Бунтарский крик Джима зажег группу. Гитара Робби раз за разом взрывалась риффами, Рей, качая головой, вошел в свой гипнотический транс, и я вел солиста, толкая его на самый край. Всегда - на самый край.

Акустика стала немногим лучше при полном зале, но публика, казалось, боготворила нас. От чего они так прониклись? Им передалось наше ощущение угрозы? Или все дело было в абсурдно высокой сцене?

Что бы это ни было, но когда я наблюдал, как Джим заводит толпу, я осознавал, что это не сон и все происходит на самом деле. Мы выбрались из подвалов в концертные залы. Все как я хотел.

Мы закончили первую песню под честный круг аплодисментов, но по тому, как люди смотрели на нас, на Джима в особенности, я знал, что за этими хлопками стоит нечто большее, и мы задели их за живое. Это читалось на их лицах.

Робби заиграл низкий, роскошный гитарный ход, с которого начинался «Back Door Man», и я добавил жирных низов барабанами.

Уже говорилось о том, что Джим любил петь блюз, старый сельский блюз. Это был самый драматичный способ, с помощью которого он мог пообщаться со своей болью, и самый эффективный выпускной клапан для сдерживаемой ярости.

БОЖЕ ПРАВЫЙ!!! Джим упал со сцены!

Публика поймала его на лету, и теперь пытается забросить обратно. Сцена так высока, что им это никак не удается. Мы продолжаем качать, и Джим, наконец, перелезает через край и хватает микрофон. Публика восторженно орет, и я смеюсь так сильно, что темп плывет.

Мы закончили свое отделение из пяти песен (каждую играли минут по десять-пятнадцать), и я передразнивал Эда Салливана, когда мы возвращались в гримерку:

- Вот это шё-оу… скажю-у я вам! Играли, как в эхо-камере, но народ отъехал!

- Что да, то да, - согласился Джим.

 

***

Наши выступления превращались в рок-театр. Как сказал Джим репортеру из журнала «Times», они имели «структуру поэтической драмы… что-то вроде электрической свадьбы».

Популярность «Doors» со временем выросла настолько, что мы могли собирать десяти и двадцатитысячные арены, которые предназначены для спорта, а не для музыки. Мы никогда не усаживались и не планировали, как нам общаться с таким скоплением народа. Но когда мы столкнулись с большими толпами, мы интуитивно стали вести себя более театрально, чтобы «дотянуться» до задних рядов. В первую были очередь - Джим и я.

Рей играл, свесив голову над клавишами, так что его манера не слишком изменилась.

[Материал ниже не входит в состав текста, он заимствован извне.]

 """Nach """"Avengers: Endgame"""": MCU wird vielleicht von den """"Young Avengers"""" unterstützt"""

Робби

может и хотел выглядеть поэффектней, но внешне это никак не проявлялось. Ротшильд описывает: «Когда следишь за игрой Робби, то даже если он играет очень быстро, все равно кажется, что он играет медленно». Робби продолжал слоняться по сцене, с таким видом, будто не понимает, где находится, и остекленевший взгляд его ореховых глаз было очень непросто прочесть. Ротшильд продолжает: «У Робби на сцене такое лицо, словно ему только что задали вопрос и он всерьез задумался над ответом». Робби не умел заводить публику своими движениями, зато он очень хорошо умел это делать с помощью своей гитары. Однажды я не утерпел и спросил у него, о чем он думал, когда играл свое соло – он казался таким отрешенным. Он ответил: «Я думал о рыбках в моем аквариуме». Где бы ни бродили его мысли, его соло уносили ввысь светлой магией мелодий. Робби начал играть тему из «Eleanor Rigby» в середине своего соло в «Light My Fire». В этом месте происходила короткая «перепасовка» между гитарой и барабанами, мы наслаждались игрой друг друга. Доиграв, мы обменивались кивками, как игроки на поле. Мы были побратимы.

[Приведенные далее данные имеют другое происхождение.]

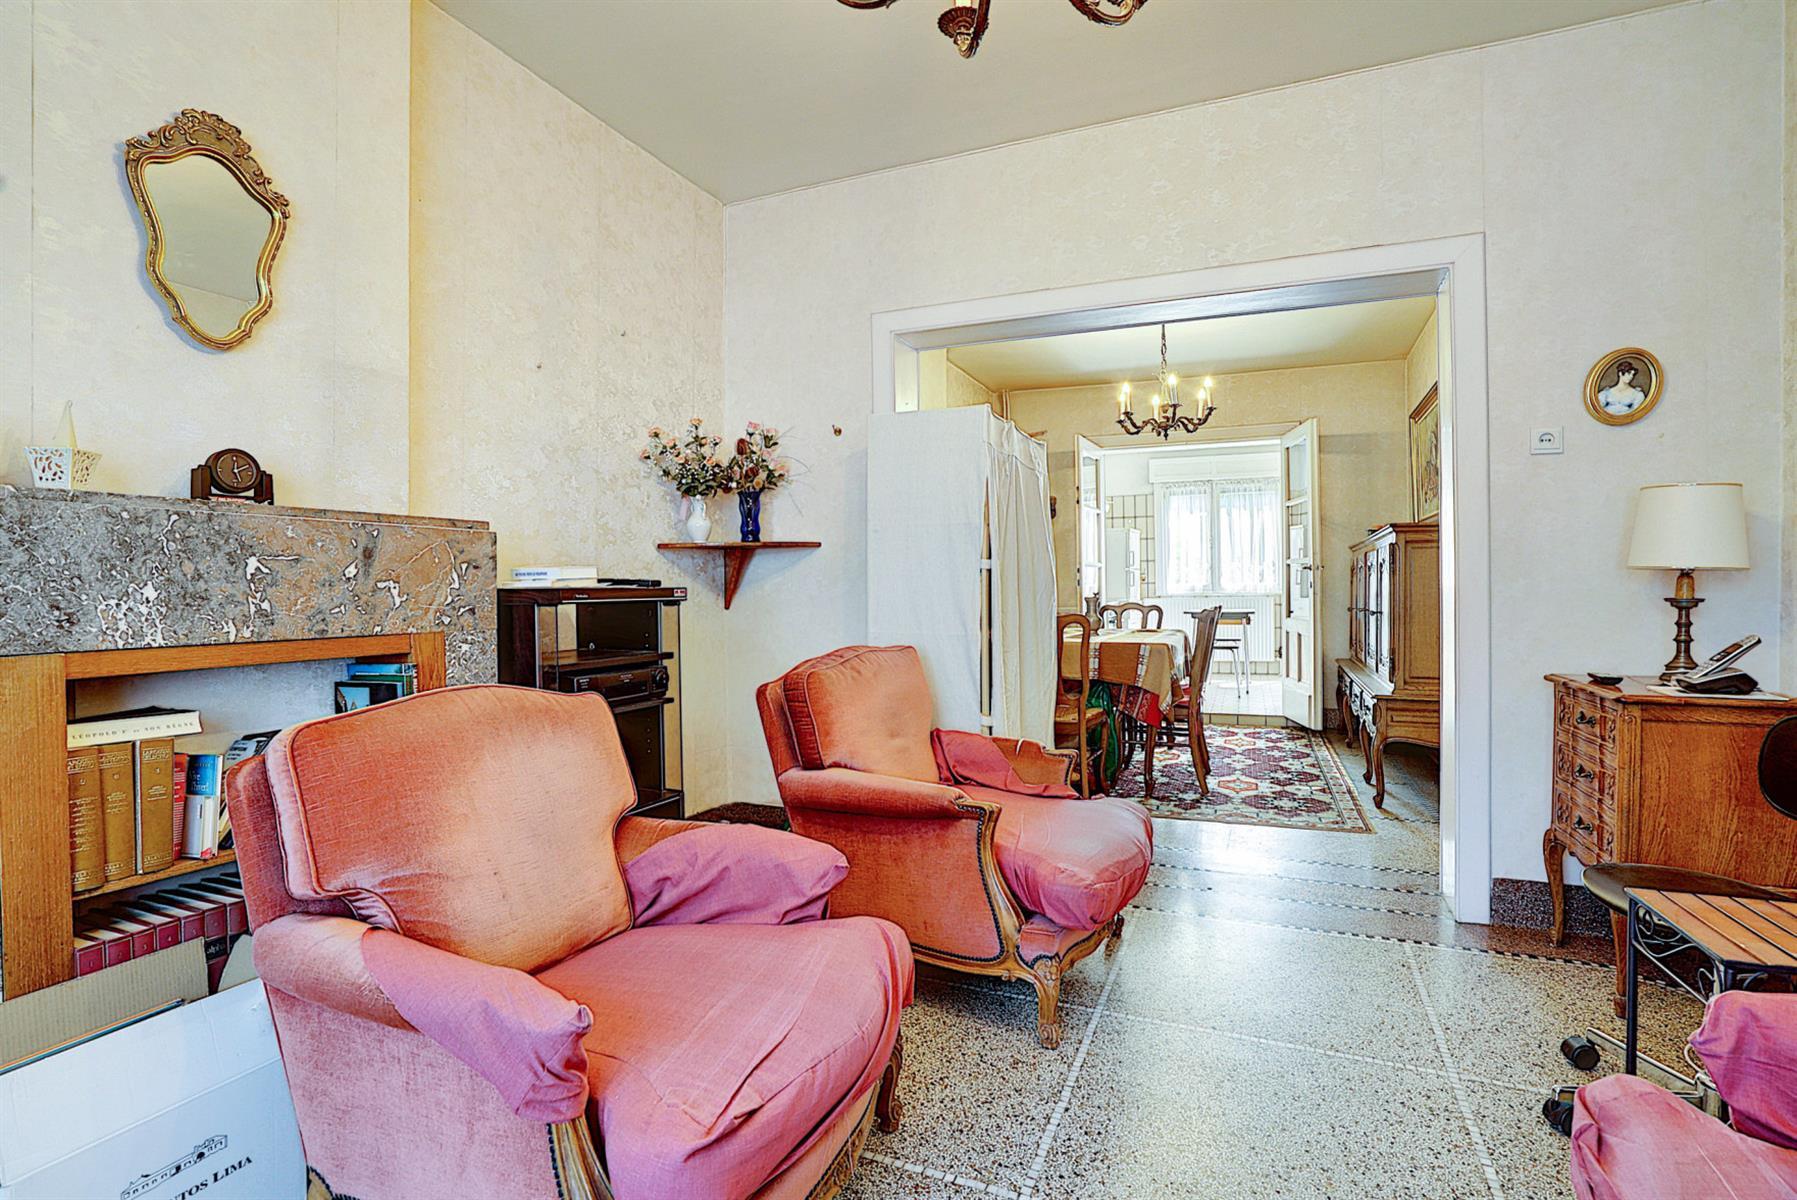 Maison - Court-saint-Étienne - #4499148-2

Что до меня, то в некоторых песнях я начал исполнять драматические, как мне казалось, телодвижения с барабанными палочками. Например, в «Light My Fire» и «When the Music’s Over» я вздымал руки с палочками вверх и «делал волну» между ударами. Сам не знаю, почему именно эти две песни так сподвигали меня пошоуменствовать, вероятно, просто потому что они мне нравились. Мне казалось естественным то, что я делаю, и я ощущал, что до задних рядов в больших залах долетает на только звук моих барабанов, но и мои эмоции. Я обматывал пальцы пластырем, чтобы палочки крепче держались в руках. В конце выступления, на завершающих аккордах, я вставал, продолжая играть дробь по тарелкам, затем давал знак Рею и Робби, они дружно брали последнюю ноту, а я что есть силы бил обеими палочками по рабочему барабану. Палочки при этом обычно ломались, и я швырял обломки в публику. Я не хотел использовать более толстые палочки, это замедляло мою игру. Иногда фаны приходили за сцену с обломками и просили оставить на них автограф. Однажды я заметил на дереве кровь. Я посмотрел на свои пальцы и увидел красные пятна, проступившие сквозь белый пластырь.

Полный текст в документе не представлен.